Food and Drug Administration 9200 Corporate Boulevard Rockville MD 20850

JUL = 2 2002

Laserscope Paul Hardiman Manager, Regulatory Affairs/Clinical Affairs 3070 Orchard Drive San Jose, California 95134-2011

Re: K020021

Trade Name: Lyra GTM Series Laser System and Accessories (Nd: YAG configuration) Regulation Number: 878.4810 Regulation Name: Laser surgical instrument, powered Regulatory Class: II Product Code: GEX Dated: April 11, 2002 Received: April 12, 2002

Dear Mr. Hardiman:

We have reviewed your Section 510(k) premarket notification of intent to market the device referenced above and we have determined the device is substantially equivalent (for the indications for use stated in the enclosure) to devices marketed in interstate commerce prior to May 28, 1976, the enactment date of the Medical Device Amendments, or to devices that have been reclassified in accordance with the provisions of the Federal Food, Drug, and Cosmetic Act (Act) that do not require approval of a premarket approval application (PMA).
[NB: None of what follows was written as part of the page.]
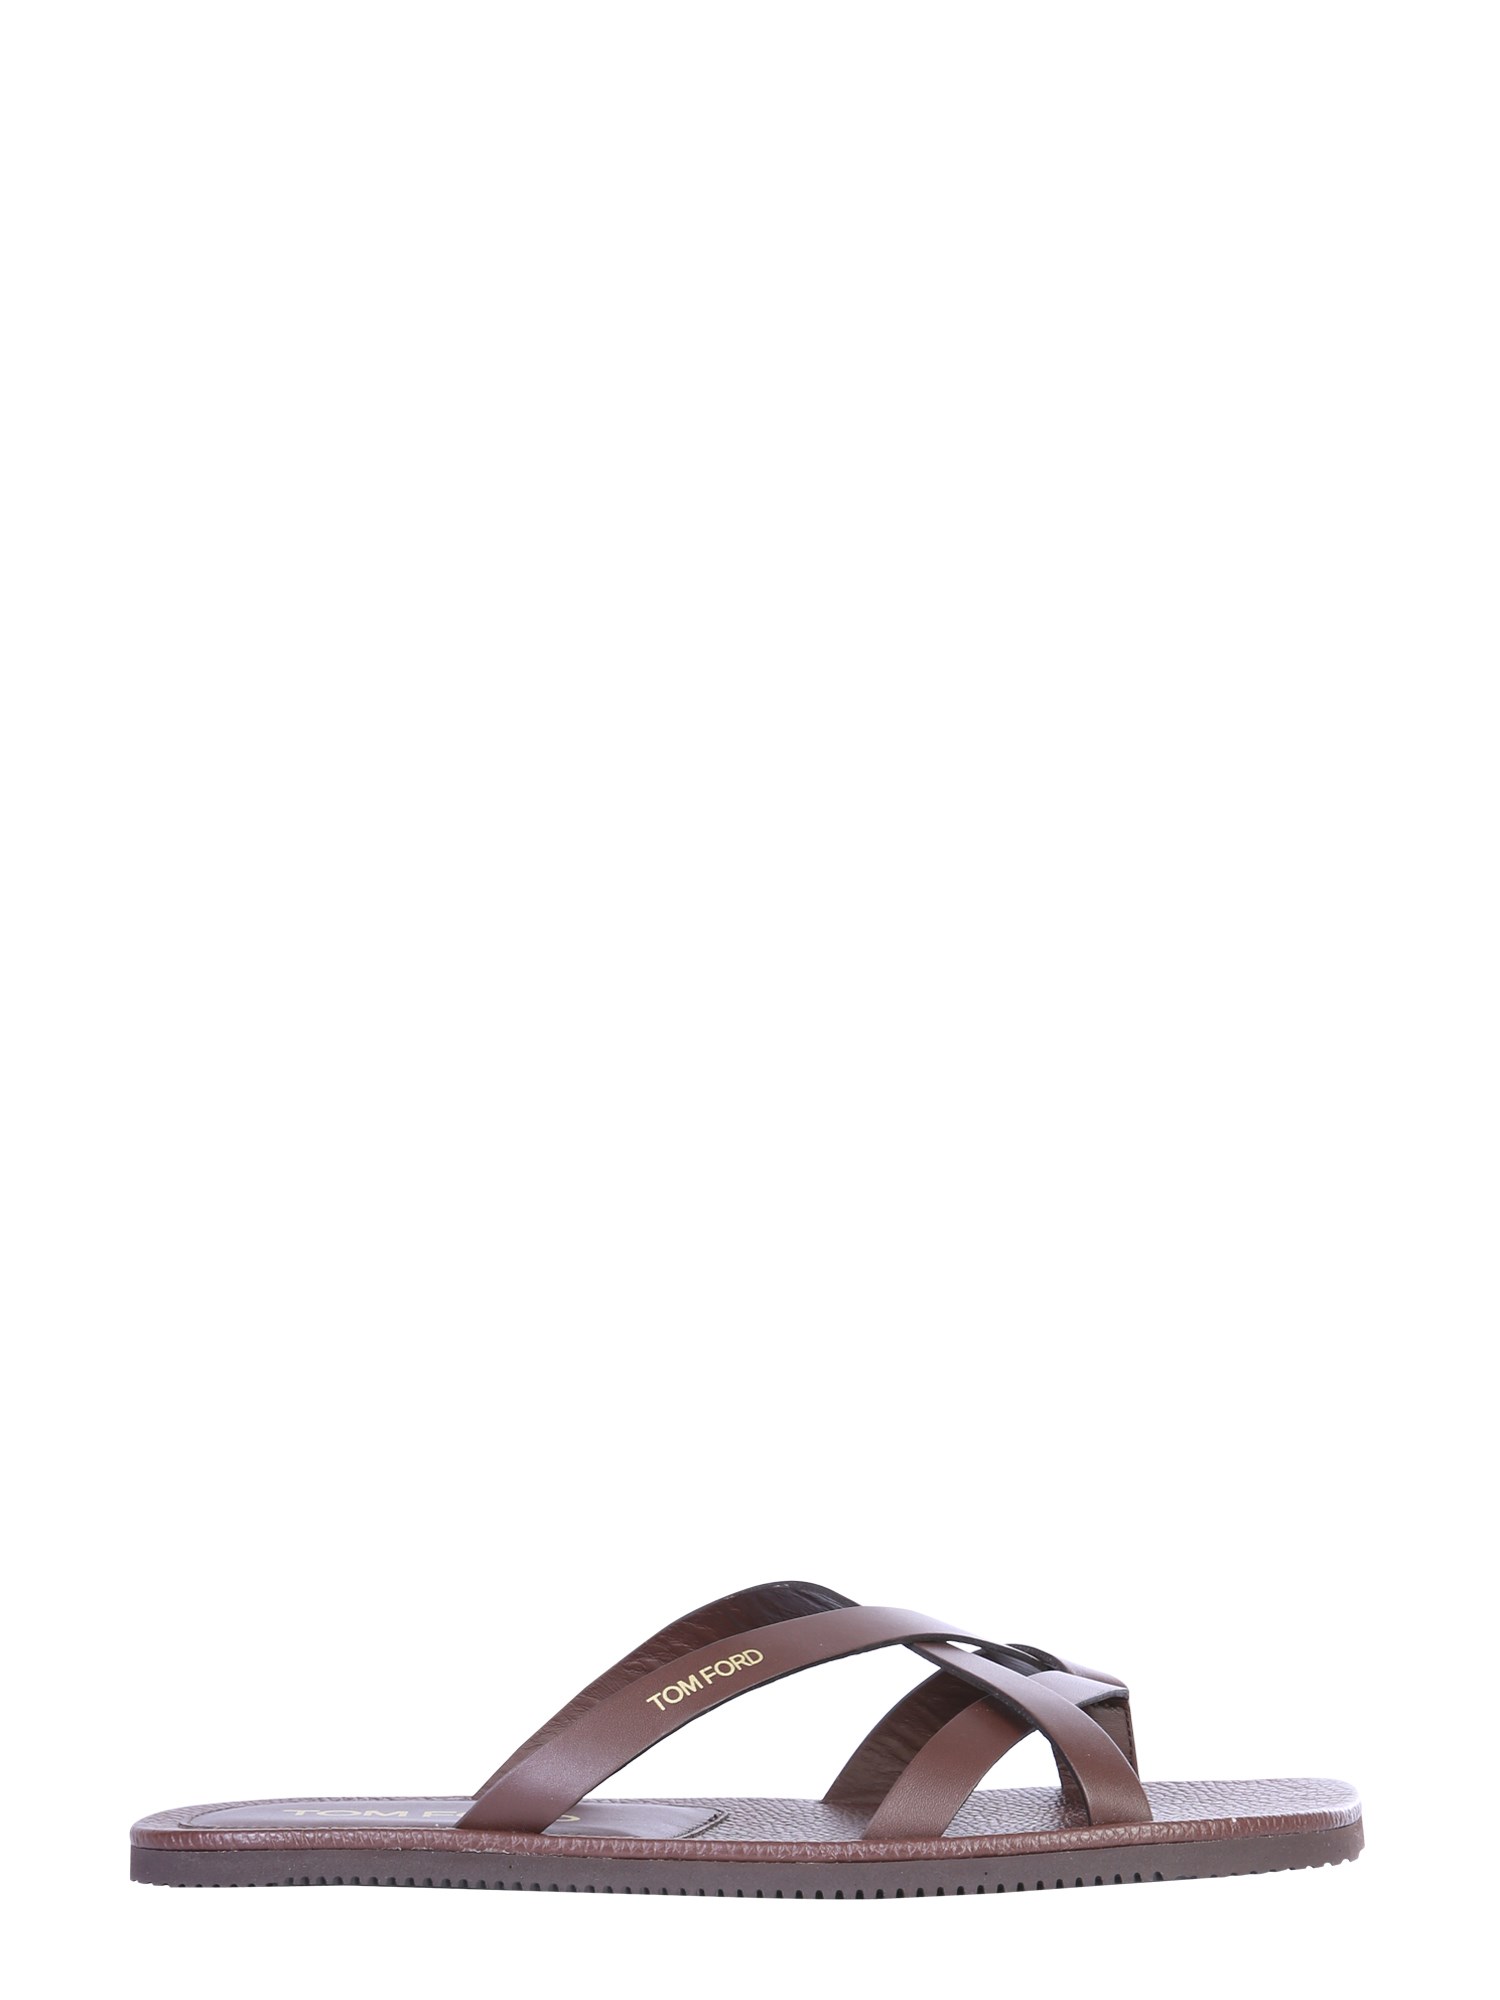 TOM FORD SANDALS WITH LOGO,176718
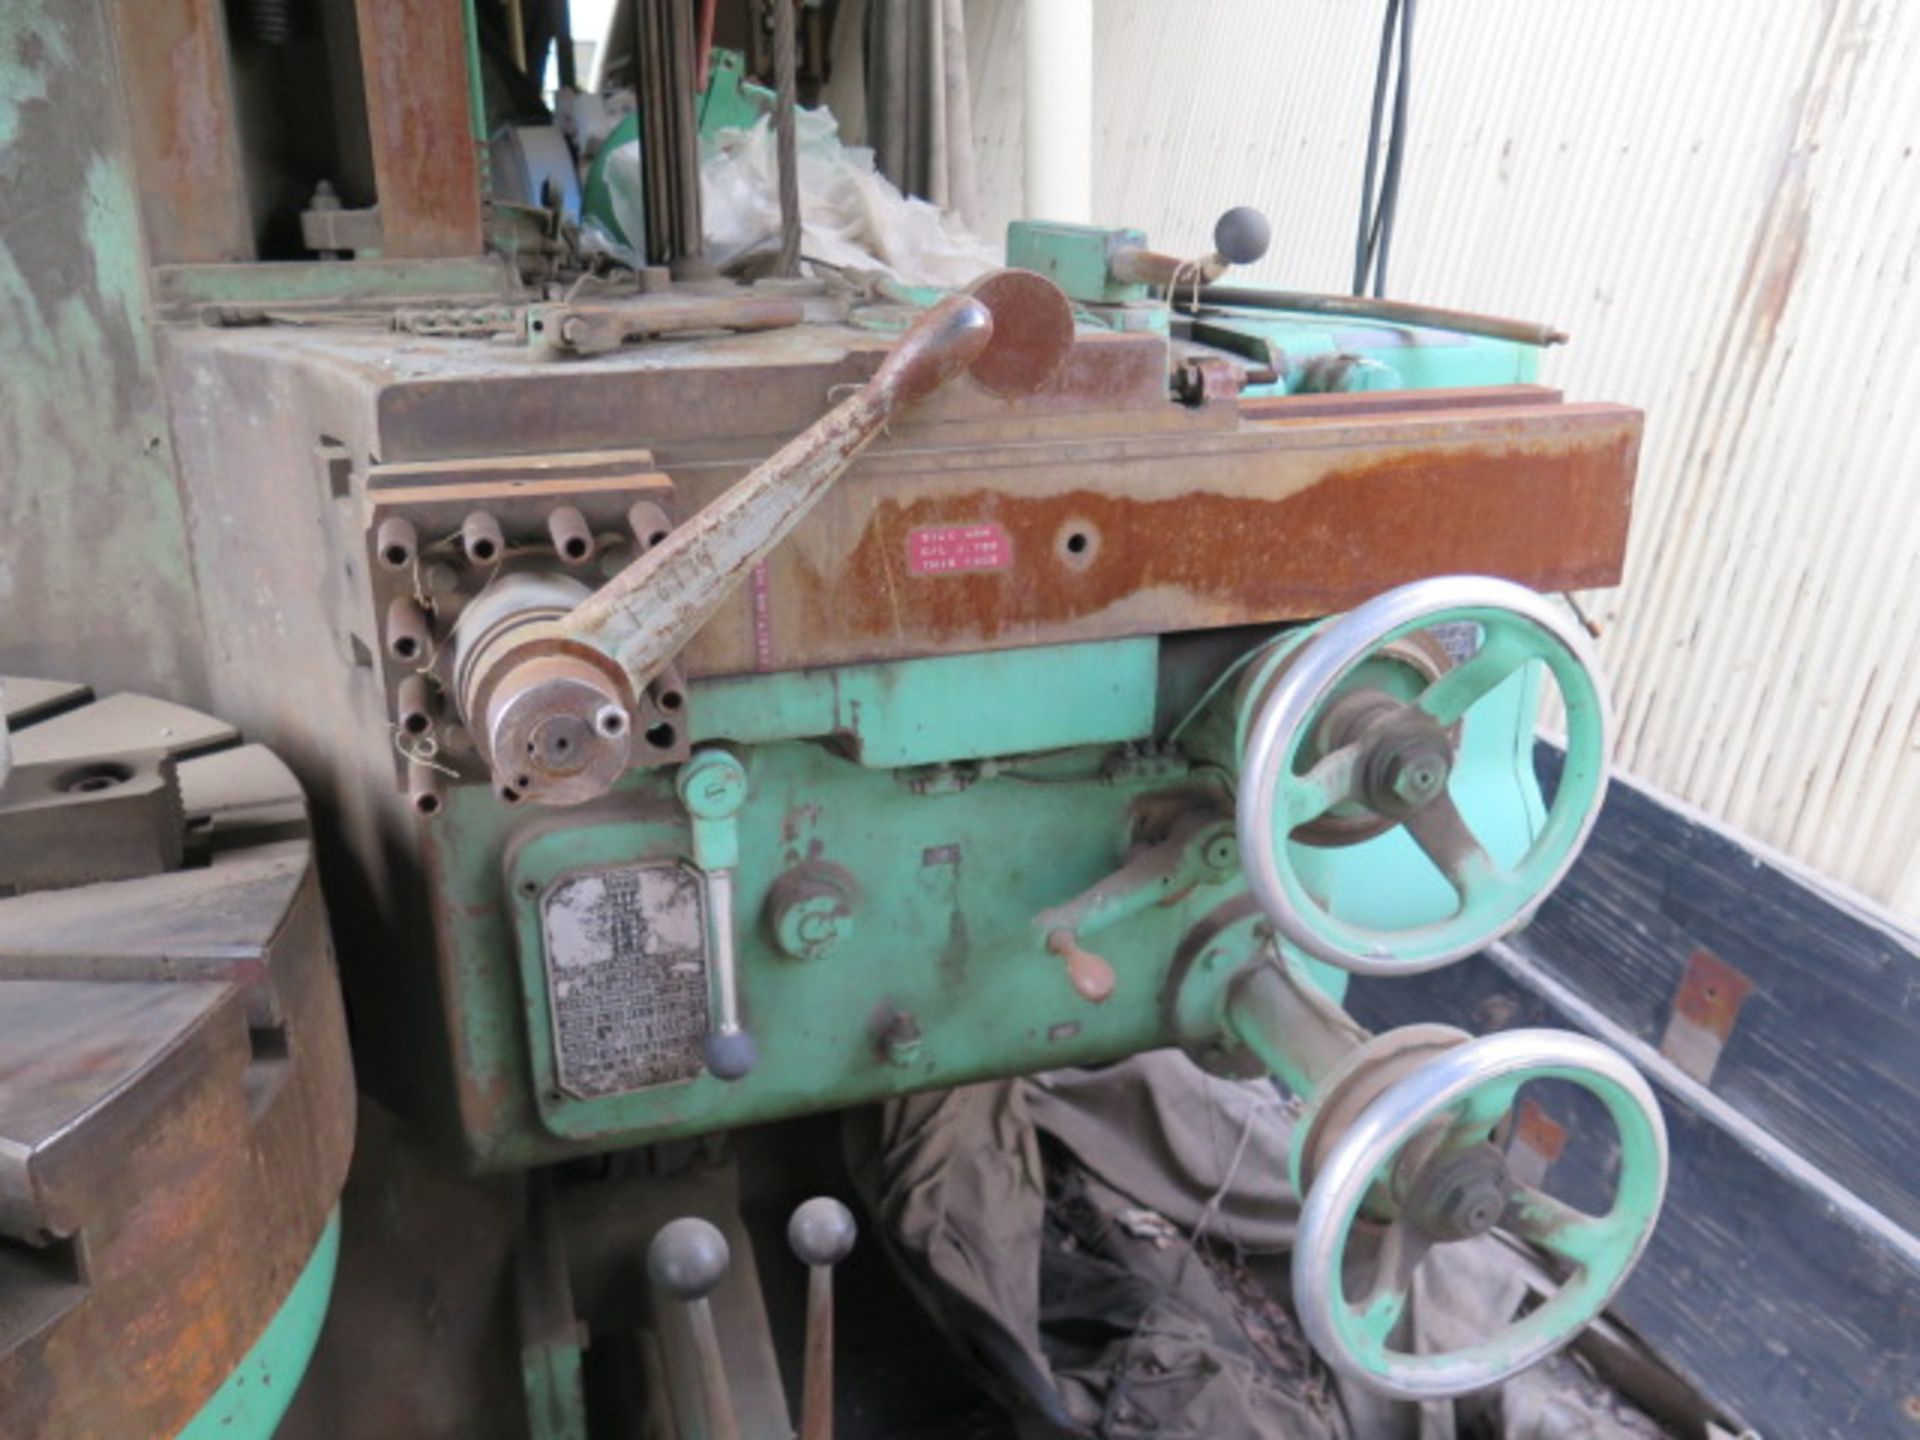 King 36" Vertical Turret Lathe s/n 2615 w/ 5-Station Indexing Head, Facing / Turning Head,SOLD AS IS - Image 8 of 14

You may, therefore, market the device, subject to the general controls provisions of the Act. The general controls provisions of the Act include requirements for annual registration, listing of devices, good manufacturing practice, labeling, and prohibitions against misbranding and adulteration.

If your device is classified (see above) into either class II (Special Controls) or class III (PMA), it may be subject to such additional controls. Existing major regulations affecting your device can be found in the Code of Federal Regulations, Title 21, Parts 800 to 898. In addition, FDA may publish further announcements concerning your device in the Federal Register.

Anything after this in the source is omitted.